Another key lesson African Countries can learn is that China has demonstrated how pragmatism not dogmatism should govern the choice of policies any country that aspires to develop should embrace. While many of African countries are still struggling to fight and eradicate poverty, China’s poverty eradication polices have helped Beijing to eliminate extreme poverty. Therefore, China’s political model is something Africa as a continent we can learn from. While CPS ensures democracy at the grassroot level in China to ensure people have a say in the decisions that affect their lives and how they are governed locally; meritocracy is always key at the top level which helps in ensuring that China is governed by not just competent individuals with a firm grasp of economics, international relations and science and technology, which helps them to make not just correct but nation saving decisions for the country. This system also ensures continuity in politics which is good for policy consistency.

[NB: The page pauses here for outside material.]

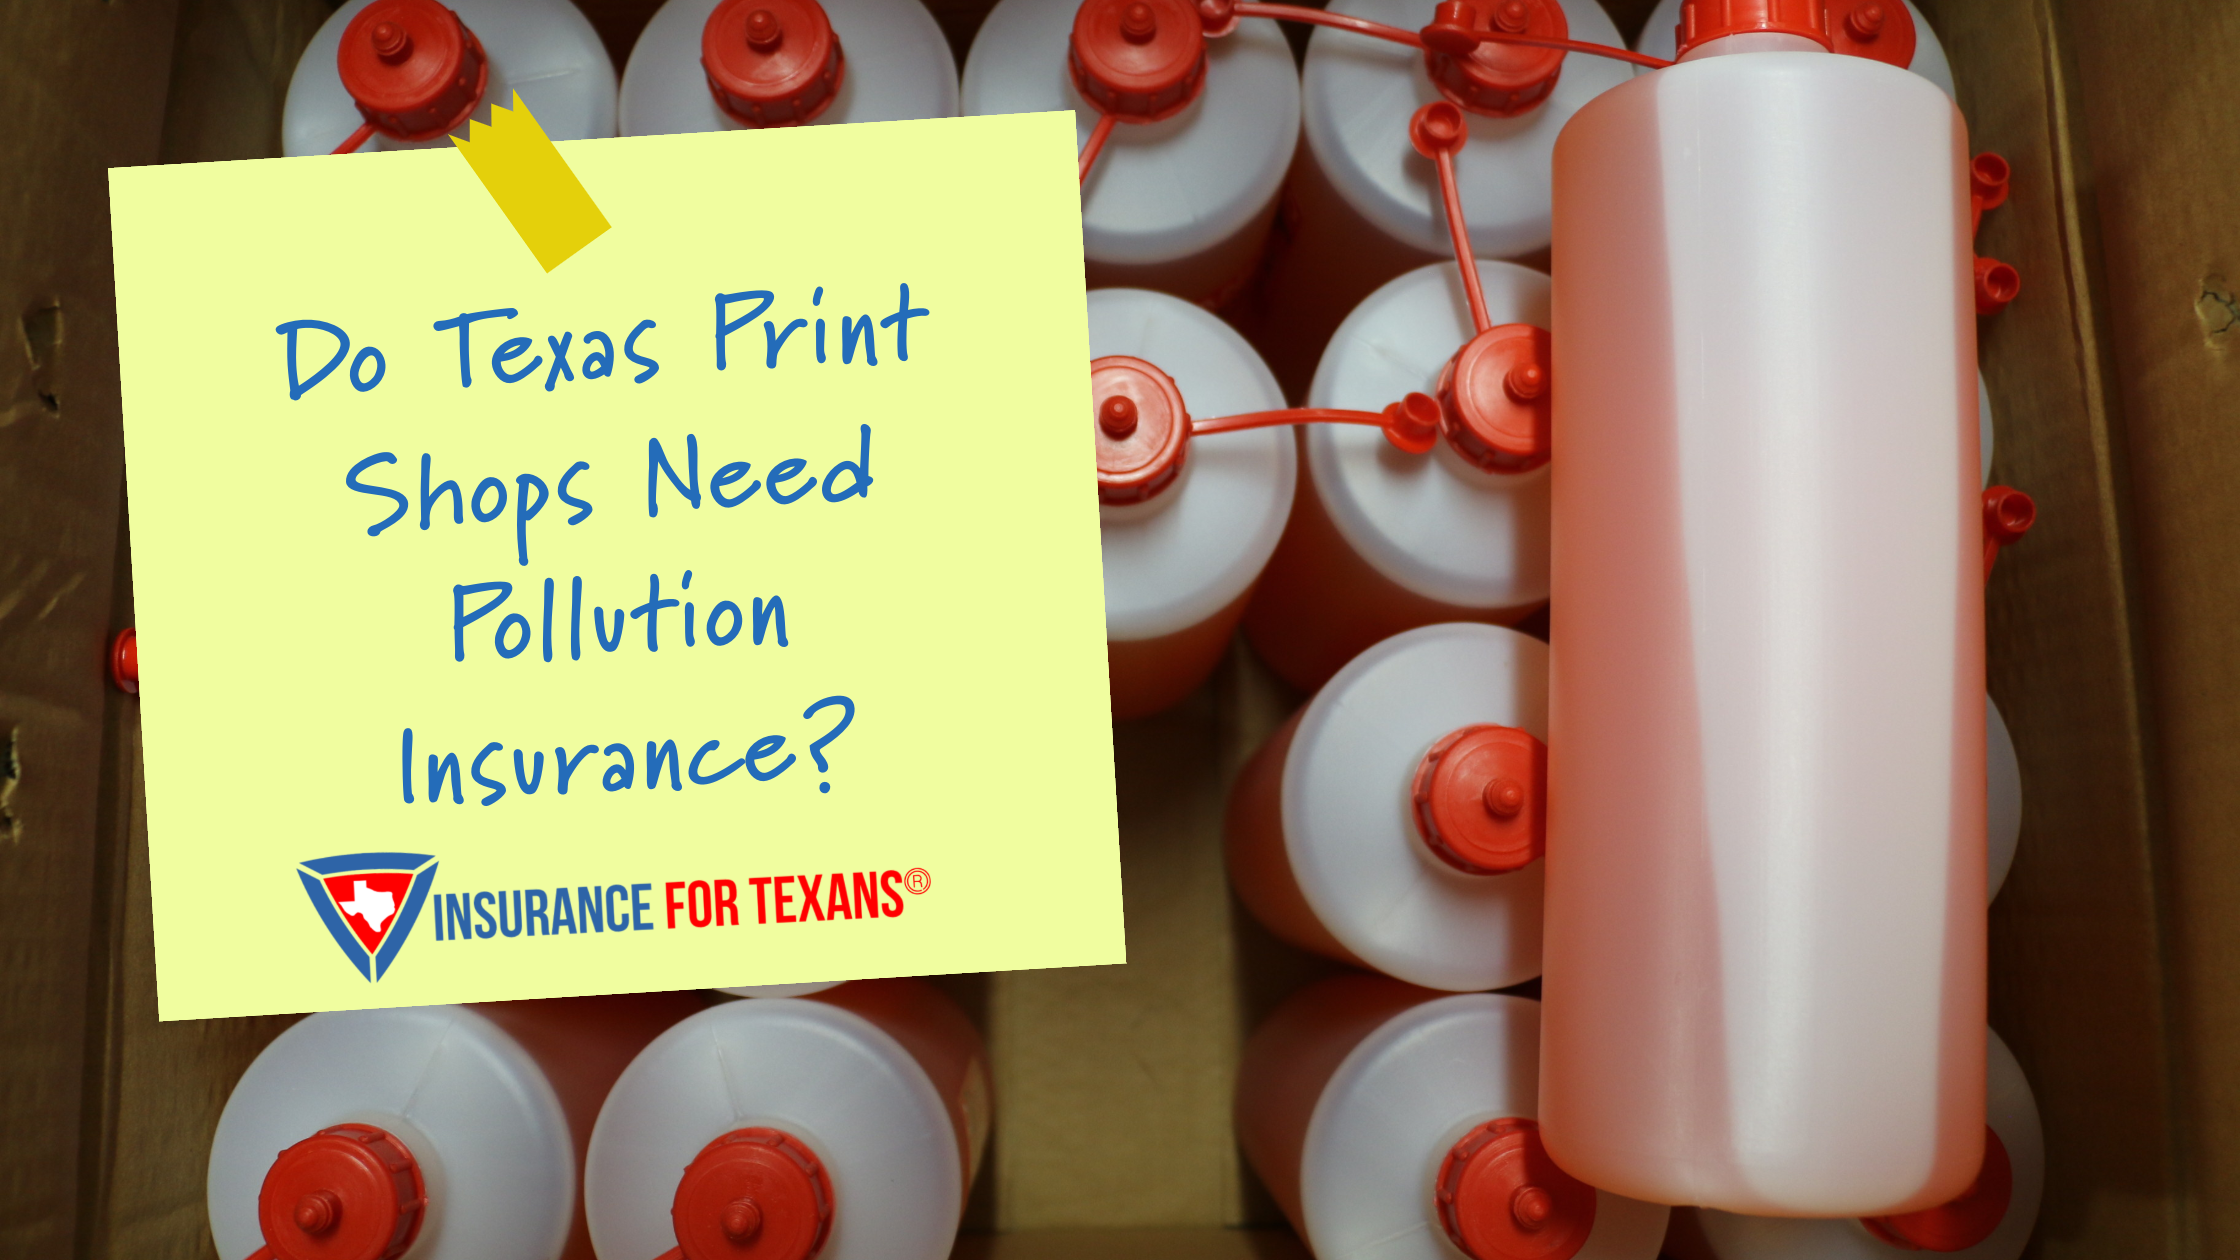 Do Texas Print Shops Need Pollution Insurance?
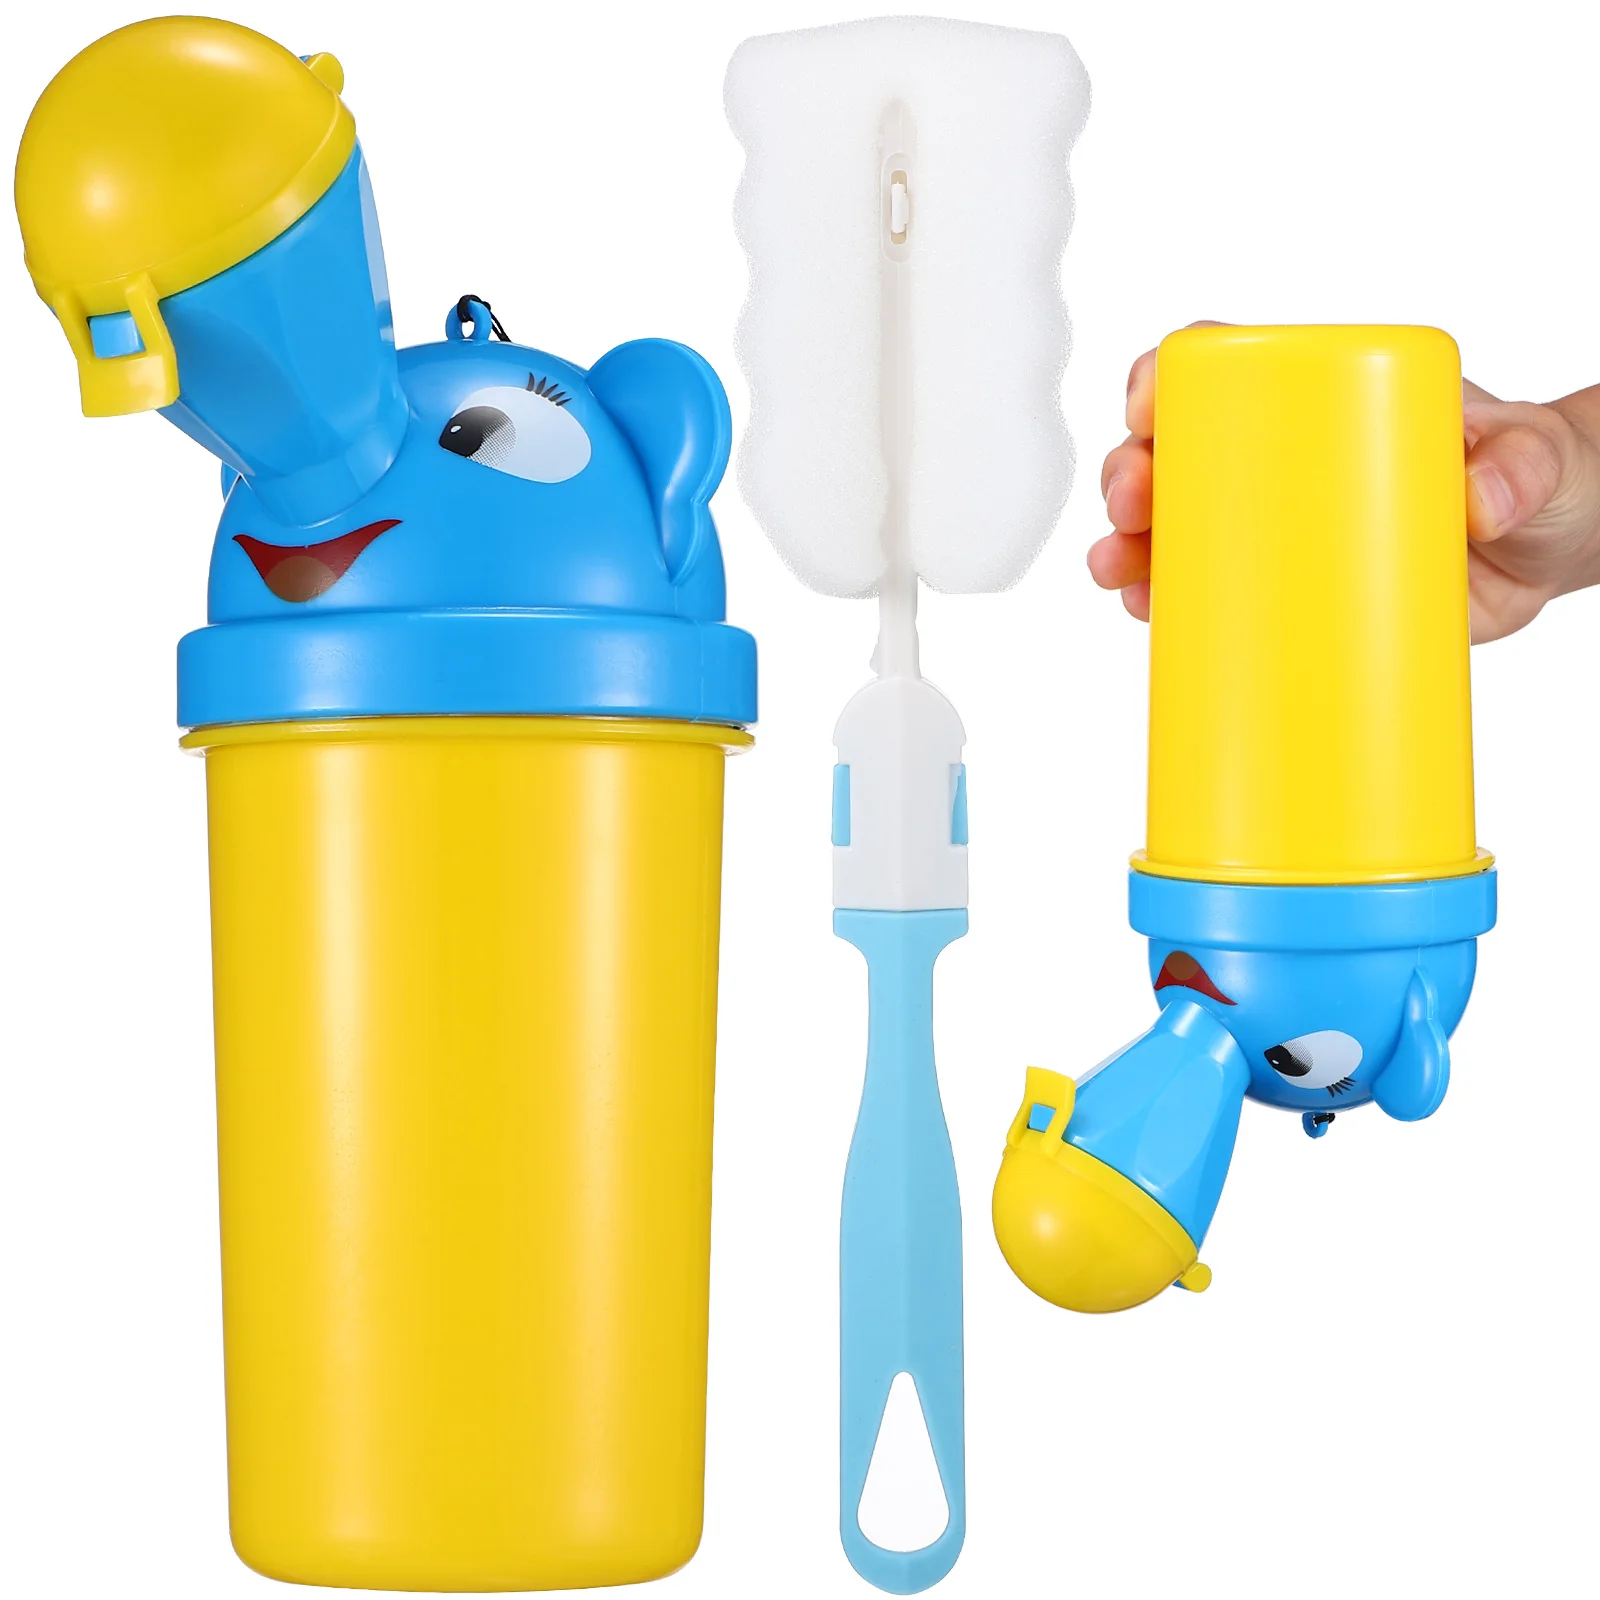 

Portable Baby Child Potty Portable Potty For Toddler Potty Brush Cartoon Elephant Bedpan Urinal

It can be argued that it is a result of meritocratic recruitment that China has been able to deal with the problem of corruption, a vice analysts attribute to African country’s stagnation. Also, emphasis of discipline among party leadership and membership cannot be ignored while analysing reasons behind China’s rise.

In conclusion, aware that it is not always easy to predict the future, one can argue that as CPC prepares to celebrate its 1st century, it remains to be seen what the next century will look like for this mighty party and the world at large. Whereas CPC started its first century as an obscure and arguably a loosely coordinated Communist Movement, it is starting its second century at a time when the country it presides over, Peoples Republic of China, is a global trailblazer and a potential superpower-in-waiting.

As of now, from security social and economic perspective, China’s future is fully secured-matching towards achieving Beijing’s dreams. No matter the challenges such as mistrust from some Western countries and a few of their allies and conflicting regional interests among her neighbours, China under CPC leadership has proved resilience to emerge victorious in dealing with sensitive issues.